Thursday, 10 October 2013

Heading South June 11 - 13th

June 11 -13th

We left Pitlochery heading south to Kirkcauldy, 
which is in the Kingdom of Fife, to visit my Dad’s cousin Jean and her husband Lewis. The weather grew wetter and greyer as the day went on.

Sea view from Jean's street

Brian had never met Jean and Lewis due to geography. Jean and I keep in touch on the phone but the last time I saw her was in Canada 6 or 7 years ago at a family wedding and the last time I saw Lewis, I was 6 or 7. After aperitifs and a tasty dinner we comfortably caught up while laughing and enjoying each others company.
Lewis & Brian                                                              Lewis, Jo and Jean

Eventually and sadly, it was time to leave. They walked us out to the RV, which Brian had had to park on an incline, and being the ever careful driver had positioned the wheels towards the curb.  This turned out to be a detriment when the damn RV wouldn’t start and he couldn’t run it down the hill for a boost. Of all the luck. After checking the circuits he realized the Fiat battery was FLAT. We had only been at Jean’s for 4 or 5 hours. She kindly brought her car around for Brian to try a boost. No luck!

As we had never had this problem before I decided it was my late mother’s doing and she was just giving Jean and me a bit more time together!
So, in the end we had to call RAC (Royal Automobile Club) for a boost. The technician was a  capable young man. He immediately identified that the Fiat battery had discharged for no apparent reason. When he had it running again the alternator was charging normally and the amp clamp showed no unusual drain on the electrical system. During our journey we experienced the same circumstances again and upon examination back in France we discovered that the back up camera had been wired directly to the battery and it slowly drained 24/7.

As we bid goodnight it was now about 9:30, darker, colder and wetter. I located a campsite not too far away but that somehow disappeared off the GSP so we travelled on to one by a golf course. Naturally, arriving at that late hour it was closed. However, a man walking his dog showed us where to park for the night. We were under a tree canopy; the blowing wind noisily splattered excess rain and vegetation (we later discovered) onto the roof all night leaving us a bit tired in the next day.

In the morning management knocked on our door. She spoke slowly and plainly. When we answered in English she laughed out loud and said she always puts on her posh accent for foreigners. We encountered this quite often as our license plate indicates we are from France, which is quite true these days!

We decided to continue south. We crossed the Forth Road Bridge which is next to the Forth Railway Bridge which opened in 1890 and until 1917 was the longest single cantilever bridge span in the world. It still has the second longest single span at 2528 meters/8296 ft.
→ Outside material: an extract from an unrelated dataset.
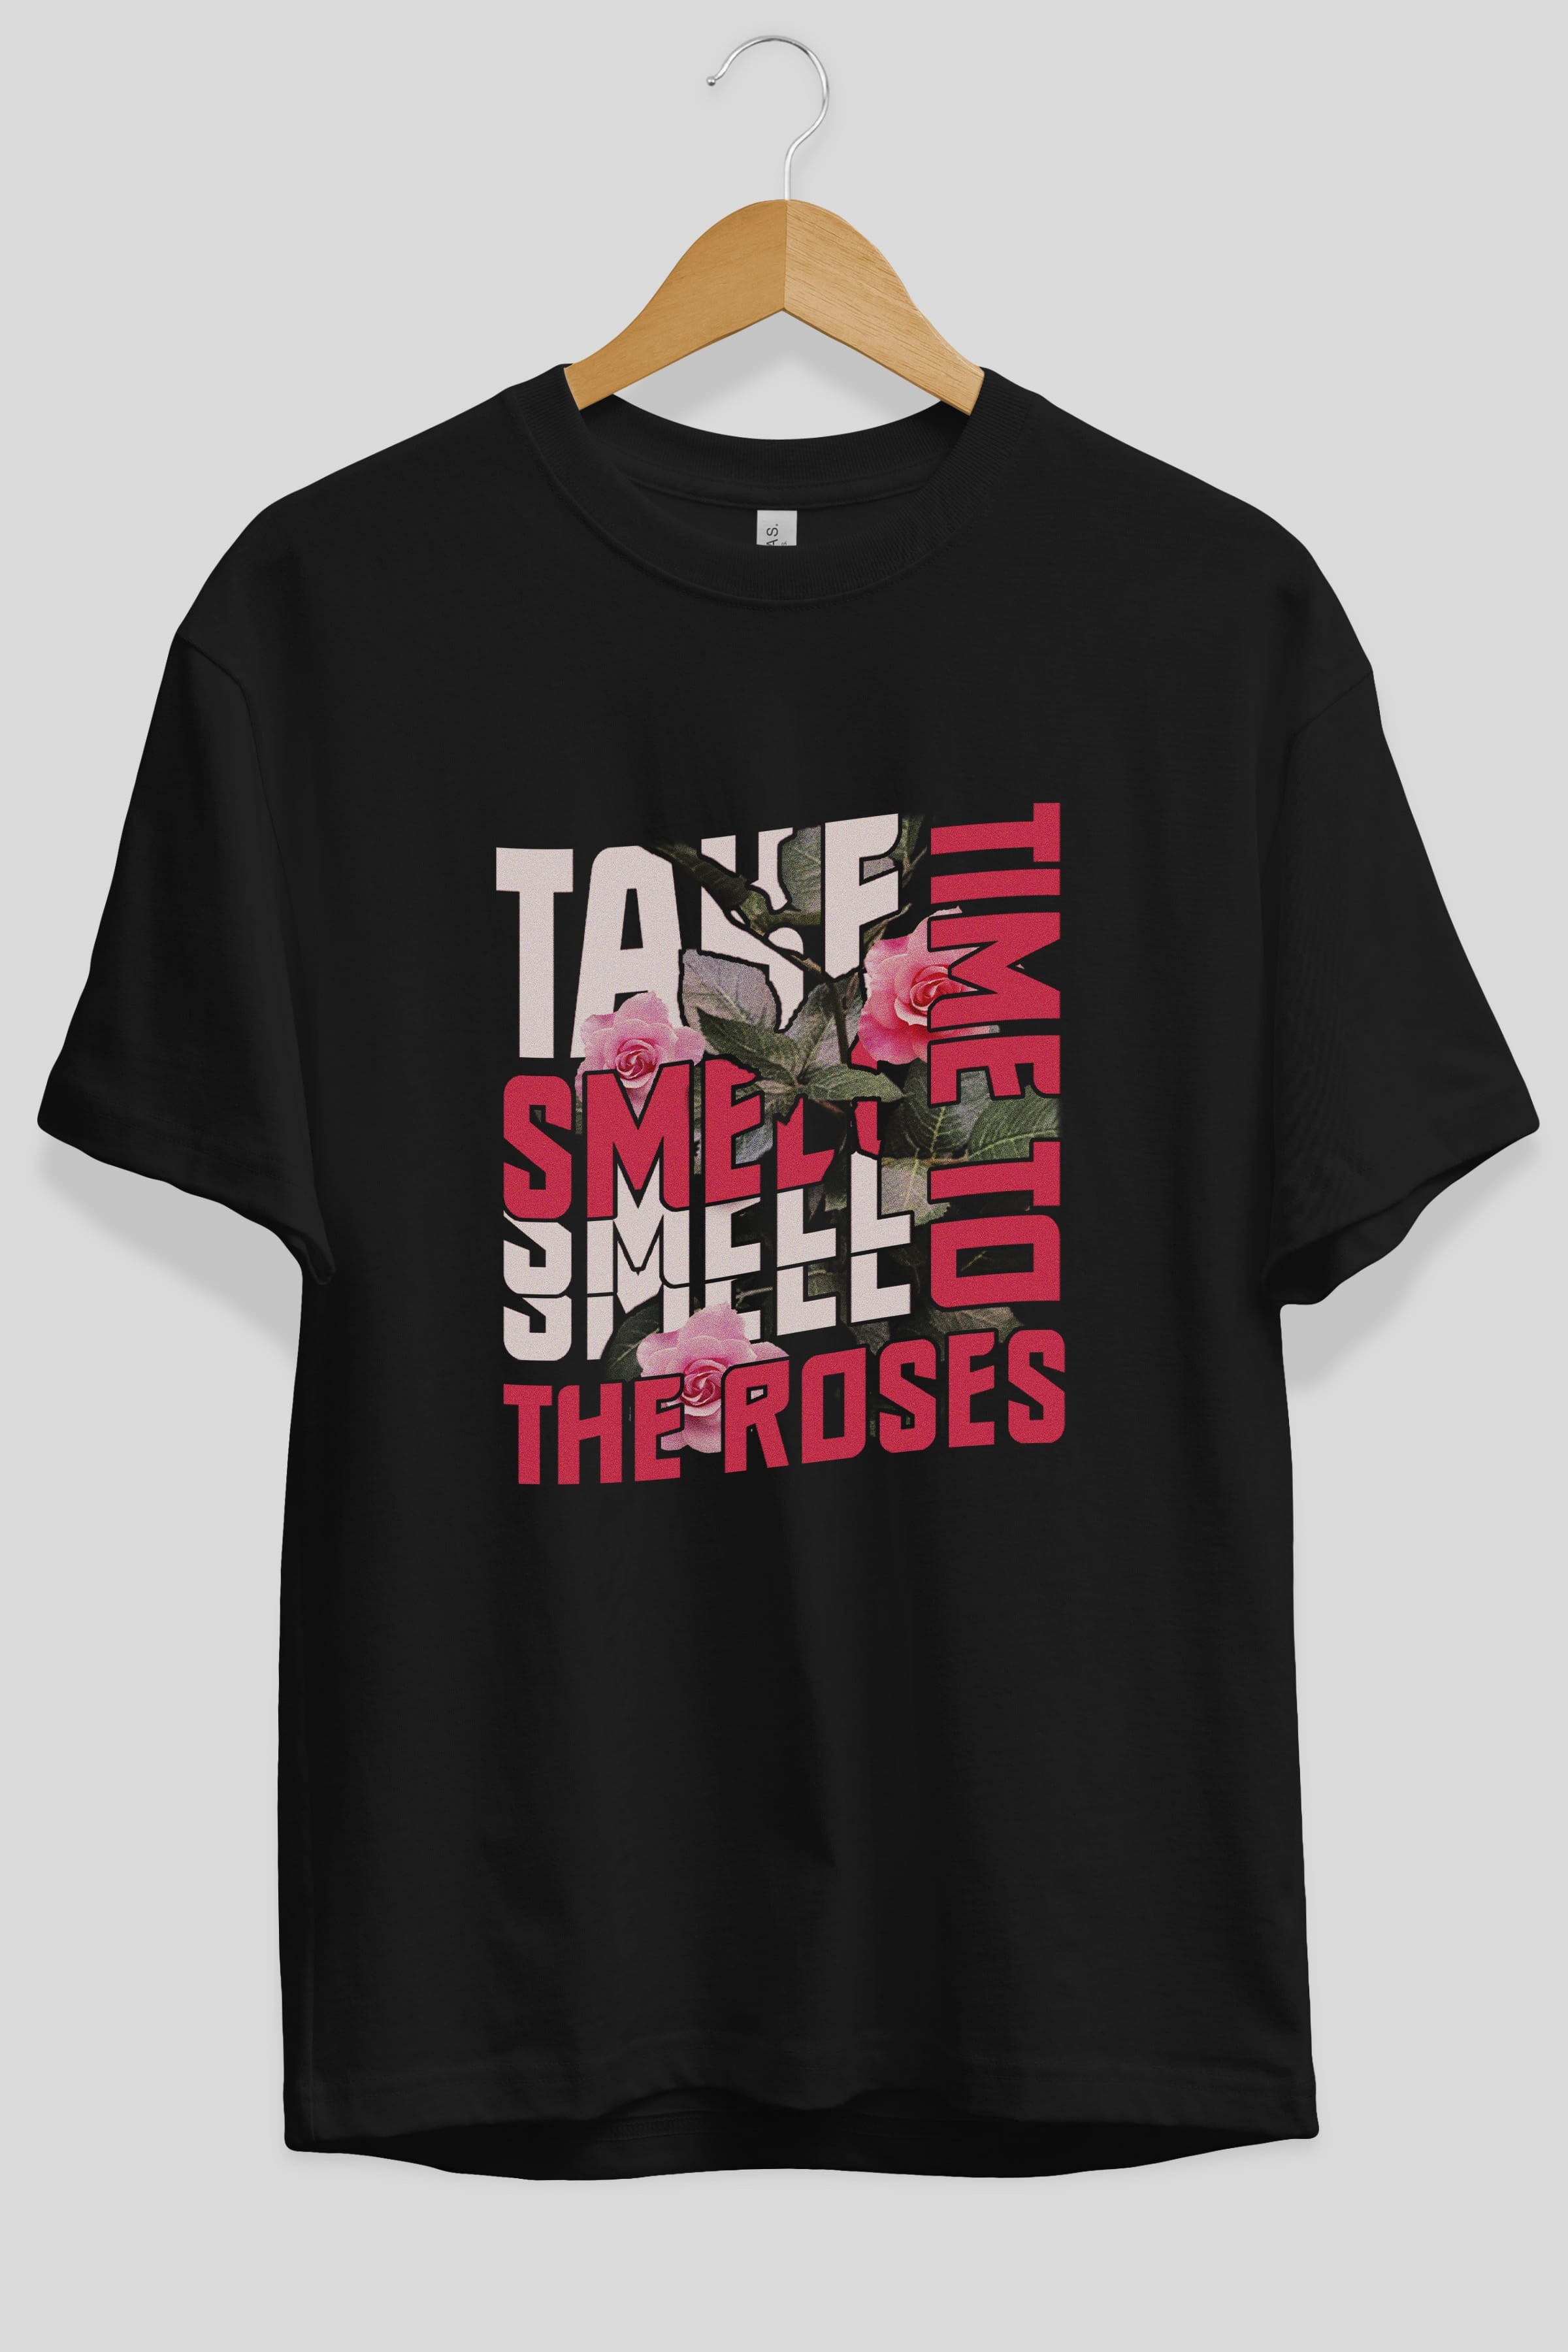 Take time to smell the roses Ön Baskılı Oversize t-shirt Erkek Kadın Unisex

More Scenery as we travelled south.

I saw the sign for Rosslyn Chapel and before we could say Da Vinci Code we were there!  What an amazing building. The history is extensive and was very well explained in a half hour talk by one of the staff. In the gift shop we were told by the cashier that prior to the film the Chapel had had an average of 3000 visitors per year. In 2006 after the movie was released, that first month they had 3000 visitors. They were completely overwhelmed. Now, the new visitors center, complete with café, handles it all very well indeed.

Inside photos were not allowed

We spent the night at an over-priced rural campsite on the Old Farm Road. Well, all I can say is the heavy trucks must not know where the NEW Farm Road is located. Nuff said.


Off to Moffat we went:  a little town with a huge sheep monument right in the middle .

Brian spotted a Royal Bank of Scotland van. It is a mobile bank traveling from town to town to accommodate its customers. How quaint and yet how very modern.

From Moffat we went down to Dumfries. Not to be pronounced as Dumb Fries – it is DumFREE-ss. Apparently you can catch fish in the middle of town; in the river of course.

We wanted to visit with my relatives who live in or near Ayrshire and spend time with my former primary school  teacher.

The most convenient place to stay was at Sundrum Castle Holiday Park. It is rated with Four Stars but I think that at least two of those stars have been allotted just for the name.  

It seemed as if the park was mainly aimed at selling ‘holiday homes’ which were quite large mobile homes in the region of £43,000/€37,400/$64,500, rather than accommodating touring campers. But, it was a safe and convenient place to meet. 

 One day we walked down a lane to look at the castle but it was quite heavily wooded to see too much, however, we discovered a trail where walkers were welcome. It was tranquil, colorful and had that wild unspoiled feel. 

Angus had his first encounter with a cow. She was so startled she caught her head on the fence.

 Then we encountered these three hooligans! 

So, Moooo-ving on from there........we'll catch up in the next installment soon!